## MP Board Class 8th Maths Solutions Chapter 6 Square and Square Roots Ex 6.2

**MP Board Class 8 Maths Chapter 6 Exercise 6.2 Question 1.**

Find the square of the following numbers.

(i) 32

(ii) 35

(iii) 86

(iv) 93

(v) 71

(vi) 46

Solution:

(i) 32^{2} = (30 + 2)^{2} = (30 + 2) (30 + 2)
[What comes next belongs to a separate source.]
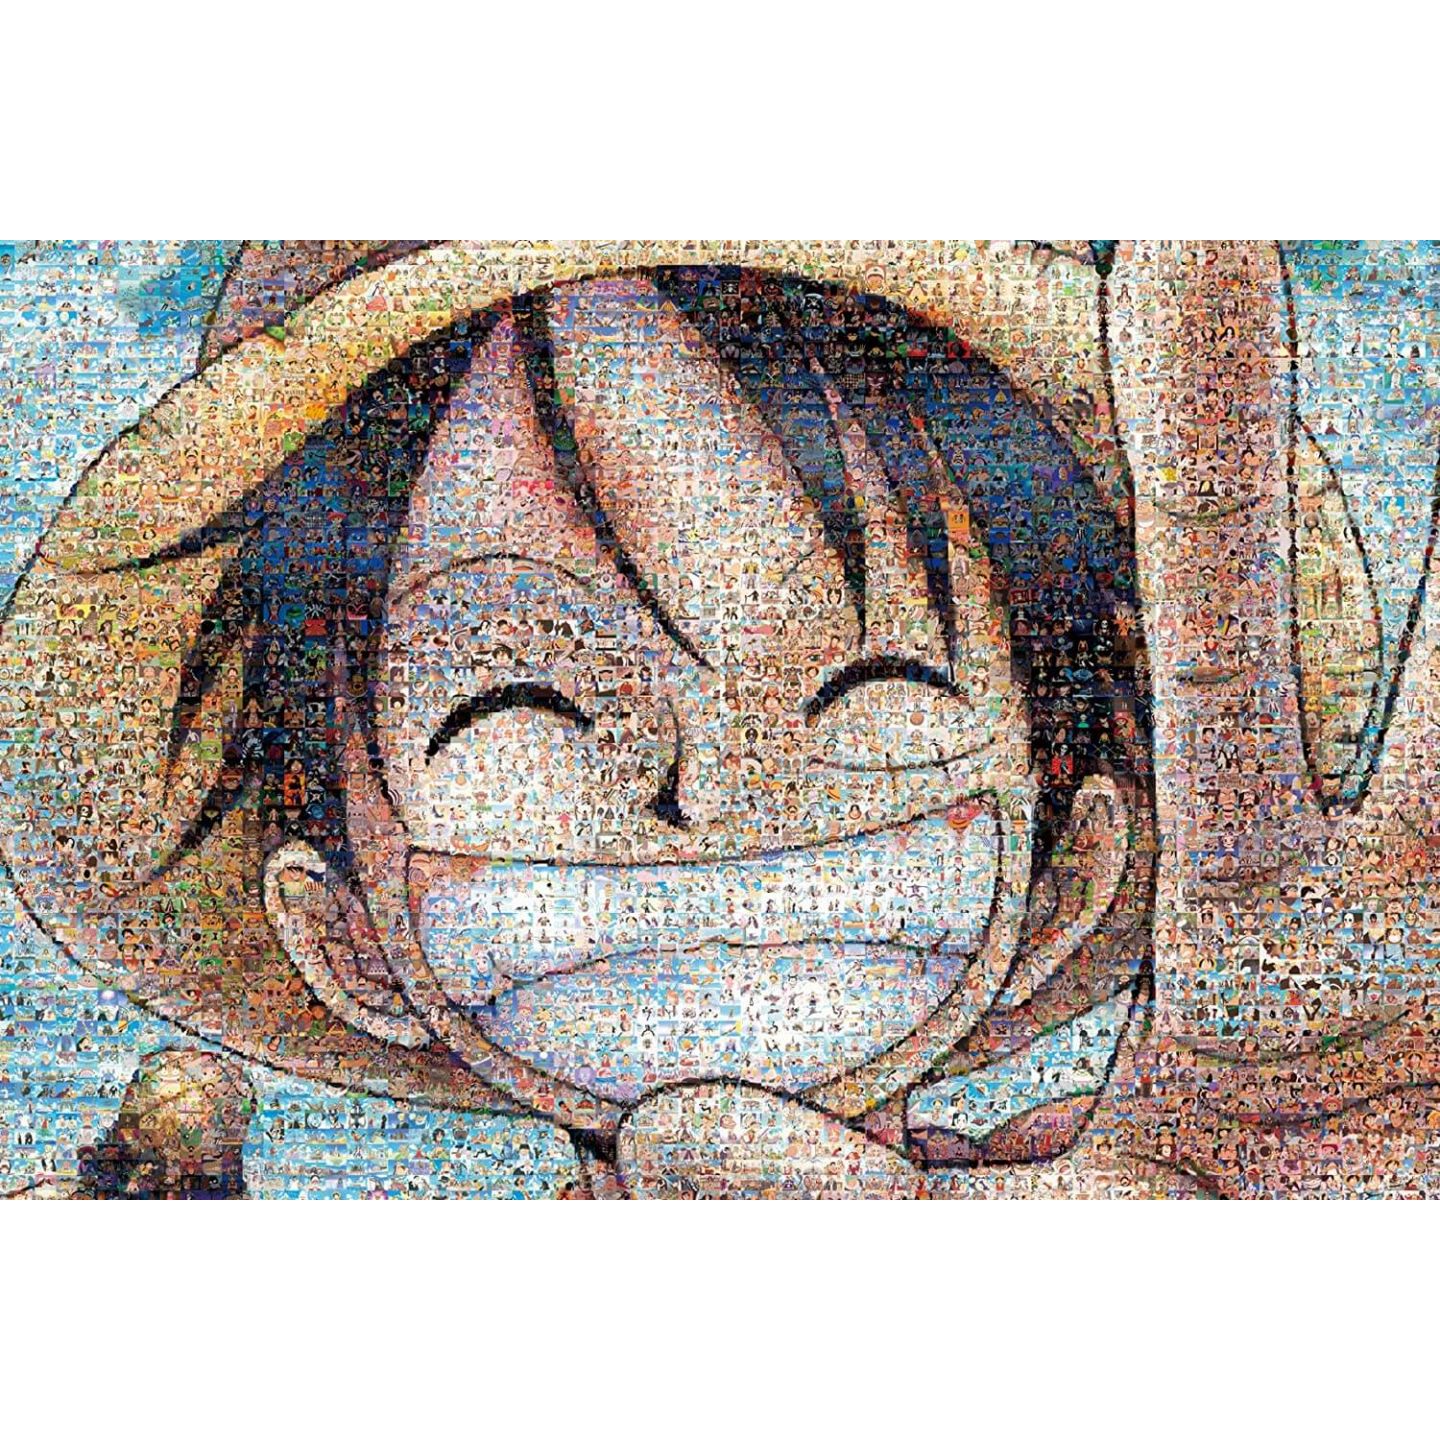 Puzzle 1000 pièces : One Piece

= 30 (30 + 2) + 2 (30 + 2)

= 900 + 60 + 60 + 4 = 1024.

(ii) 35^{2} = (30 + 5)^{2} = (30 + 5) (30 + 5)

= 30(30 + 5) + 5 (30 + 5)

= 900 + 150 + 150 + 25 = 1225.

(iii) 86^{2} = (80 + 6)^{2} = (80 + 6) (80 + 6)

= 80(80 + 6) + 6(80 + 6)

= 6400 + 480 + 480 + 36 = 7396.

(iv) 93^{2} = (90 + 3)^{2} = (90 + 3) (90 + 3)

= 90(90 + 3) + 3(90 + 3)

= 8100 + 270 + 270 + 9 = 8649.

(v) 71^{2} = (70+ 1)^{2} = (70 + 1) (70 + 1)

= 70(70 + 1) + 1 (70 + 1)

= 4900 + 70 + 70 + 1 = 5041.

(vi) 46^{2} = (40 + 6)^{2} = (40 + 6) (40 + 6)

= 40(40 + 6) + 6(40 + 6)

= 1600 + 240 + 240 + 36 = 2116.

**8th Class Maths Chapter 6 Exercise 6.2 Question 2.**

Write a Pythagorean triplet whose one member is

(i) 6

(ii) 14

(iii) 16

(iv) 18

Solution:

We can get Pythagorean triplet by using general form 2m, m^{2} – 1, m^{2} + 1.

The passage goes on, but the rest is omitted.